▶ Work instruction
With the pictures left out, restate exactly the part below that opens with the line containing "Bride and groom" and closes with the line containing "Leonardo DiCaprio, left, and".

▶ Recorded data
== Segment start ==
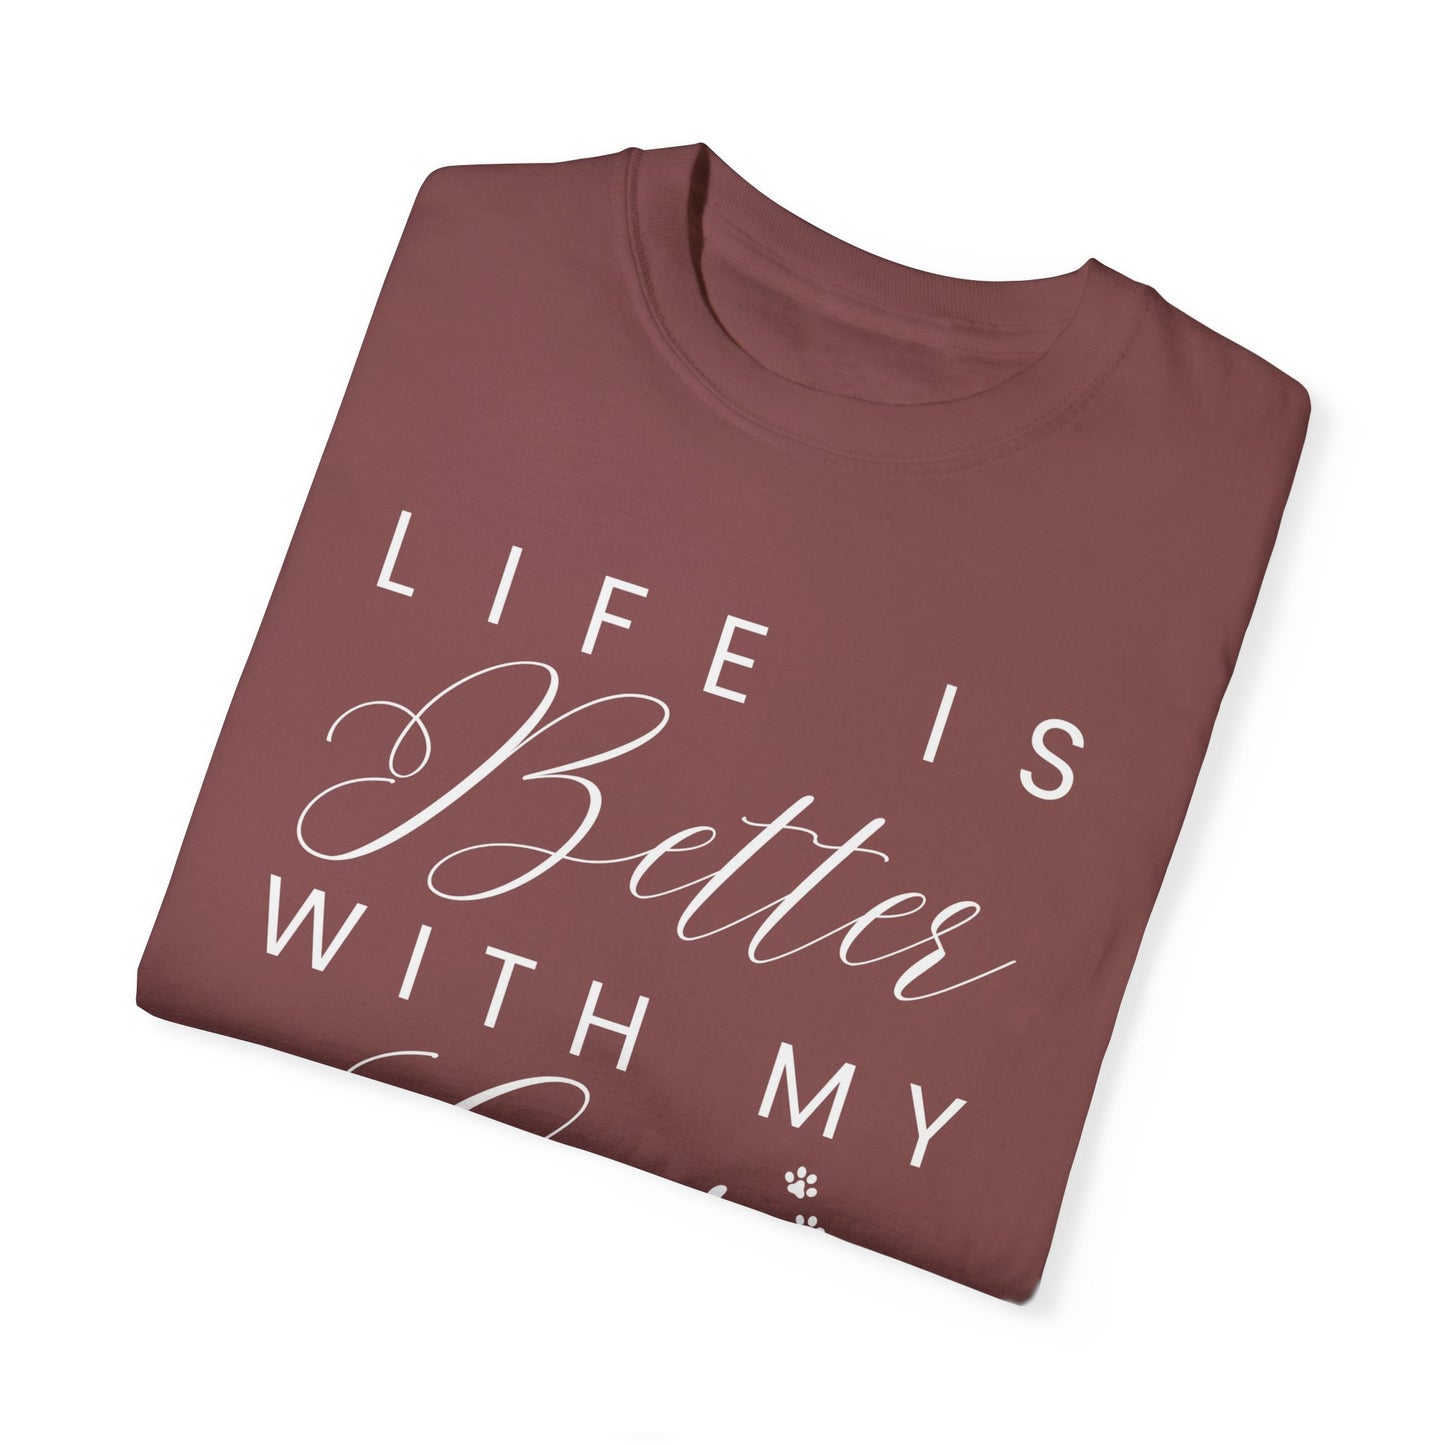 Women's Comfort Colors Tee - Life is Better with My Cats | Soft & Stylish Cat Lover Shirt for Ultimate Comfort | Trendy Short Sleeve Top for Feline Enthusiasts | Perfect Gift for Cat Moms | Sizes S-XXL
== Segment end ==
== Segment start ==
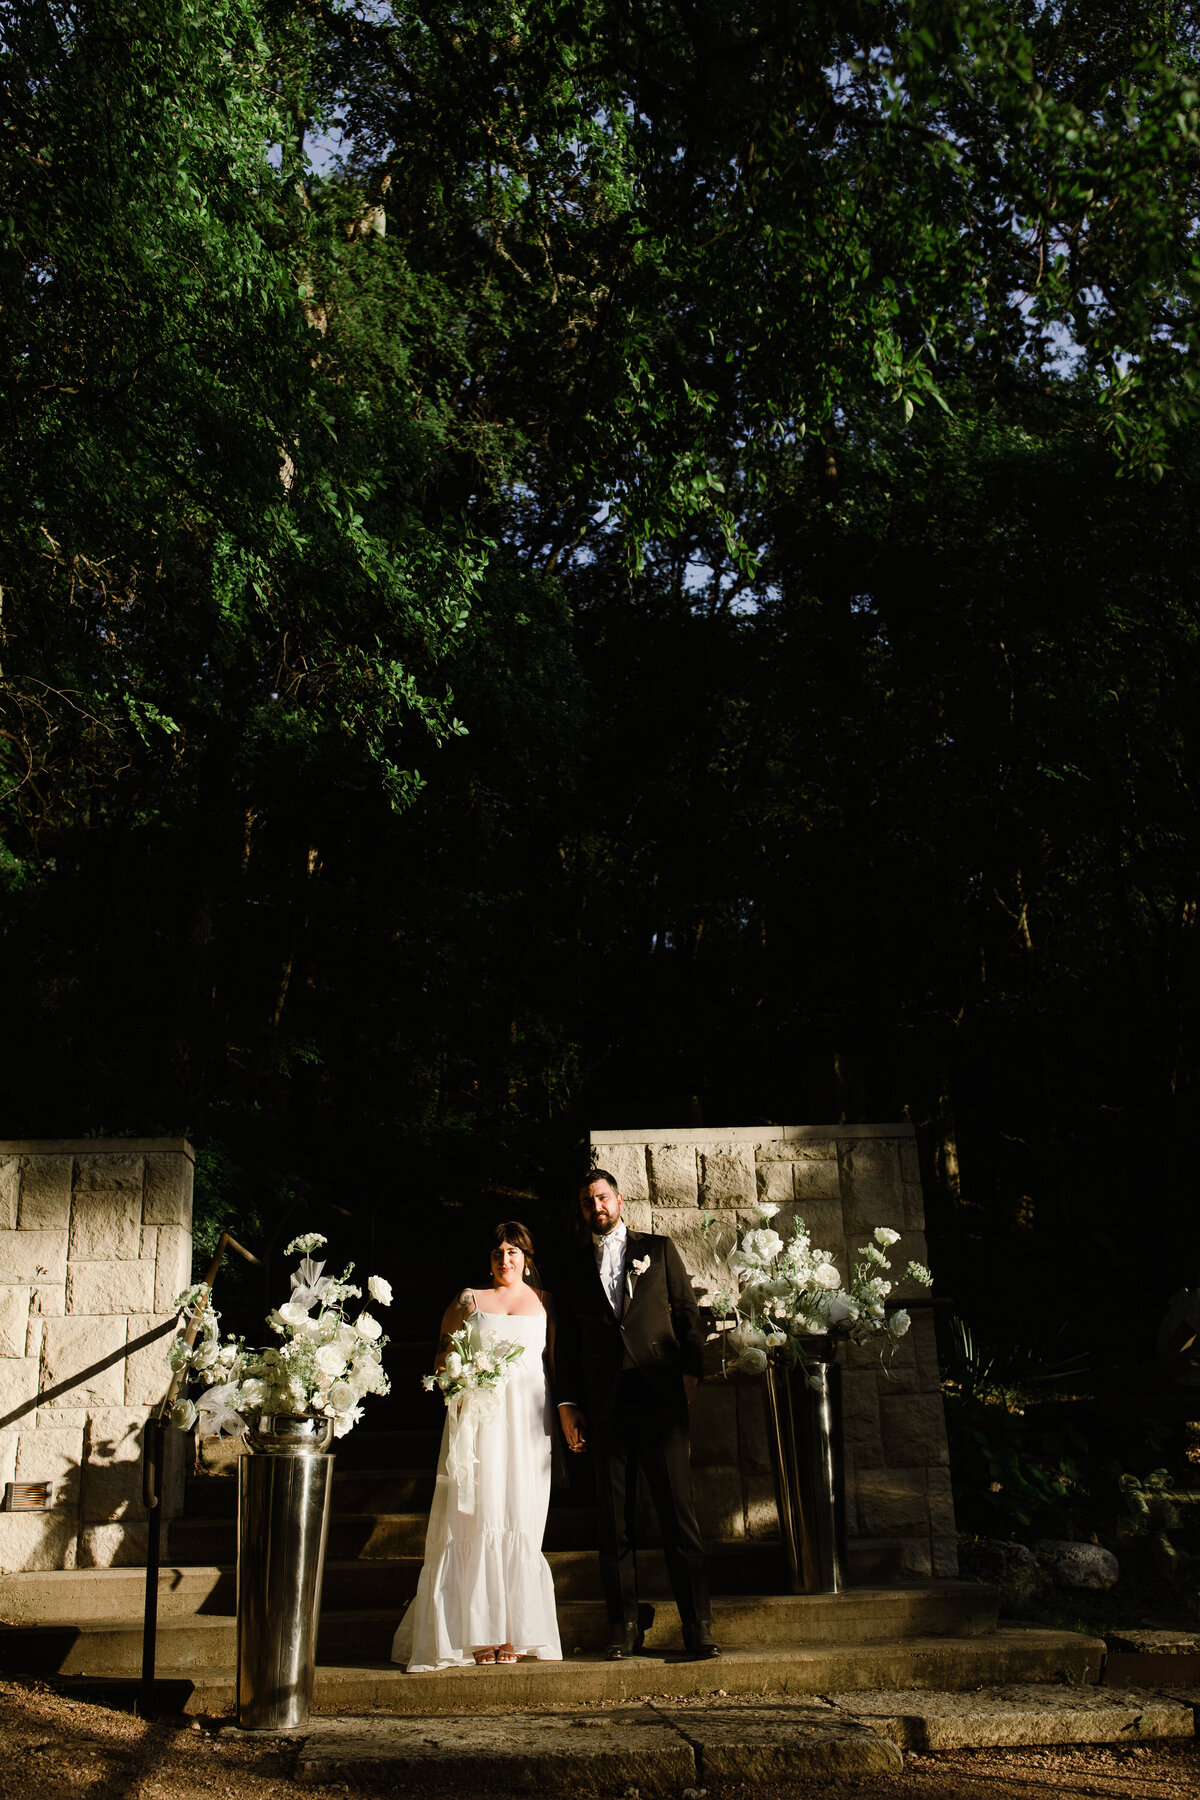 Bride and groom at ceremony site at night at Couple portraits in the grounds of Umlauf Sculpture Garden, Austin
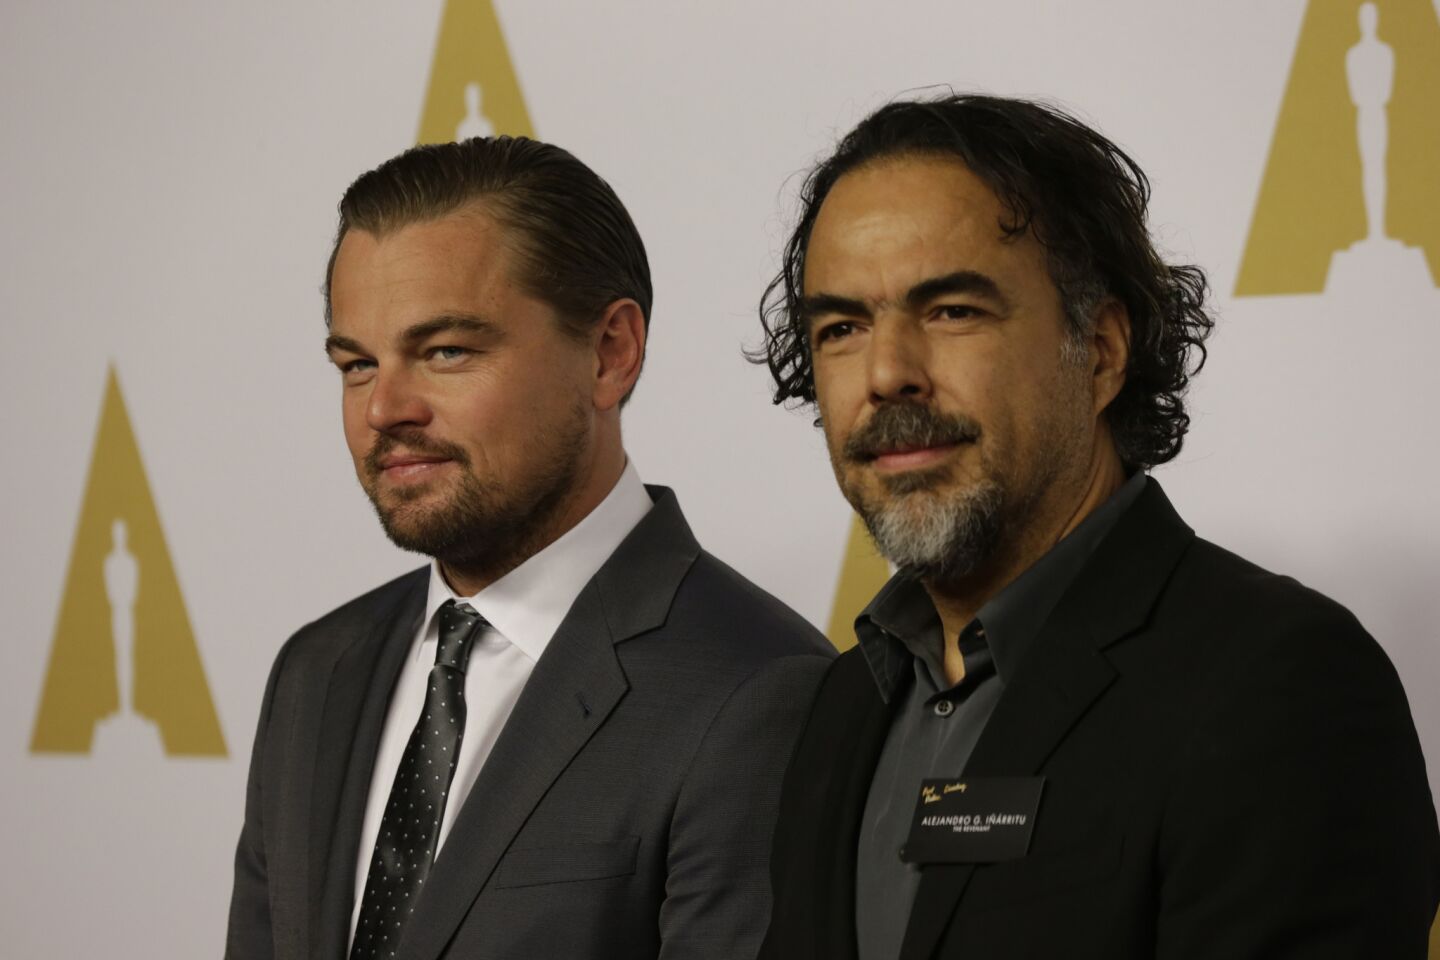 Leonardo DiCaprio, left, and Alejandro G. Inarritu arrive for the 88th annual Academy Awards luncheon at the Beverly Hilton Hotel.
== Segment end ==
== Segment start ==
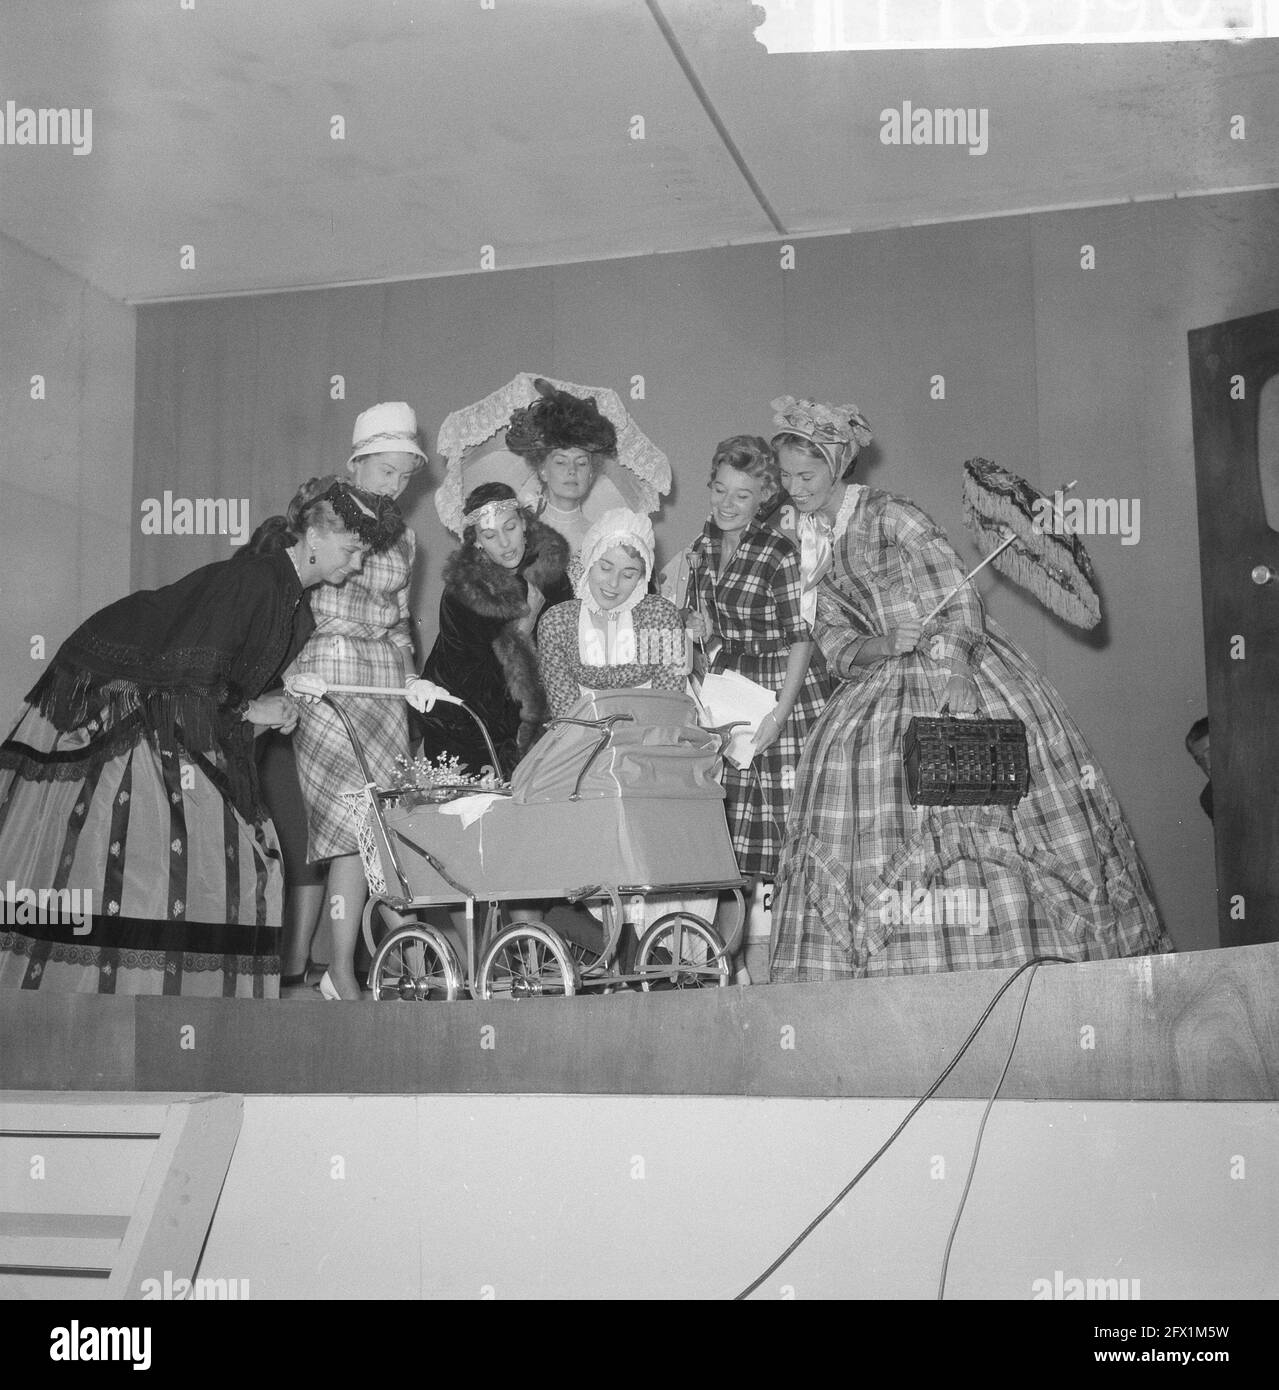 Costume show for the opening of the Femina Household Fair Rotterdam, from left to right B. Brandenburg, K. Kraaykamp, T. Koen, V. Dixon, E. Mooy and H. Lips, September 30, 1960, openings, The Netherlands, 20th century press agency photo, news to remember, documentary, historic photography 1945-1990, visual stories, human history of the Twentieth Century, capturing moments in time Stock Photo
== Segment end ==
▶ Task output
 Bride and groom at ceremony site at night at Couple portraits in the grounds of Umlauf Sculpture Garden, Austin
 Leonardo DiCaprio, left, and Alejandro G. Inarritu arrive for the 88th annual Academy Awards luncheon at the Beverly Hilton Hotel.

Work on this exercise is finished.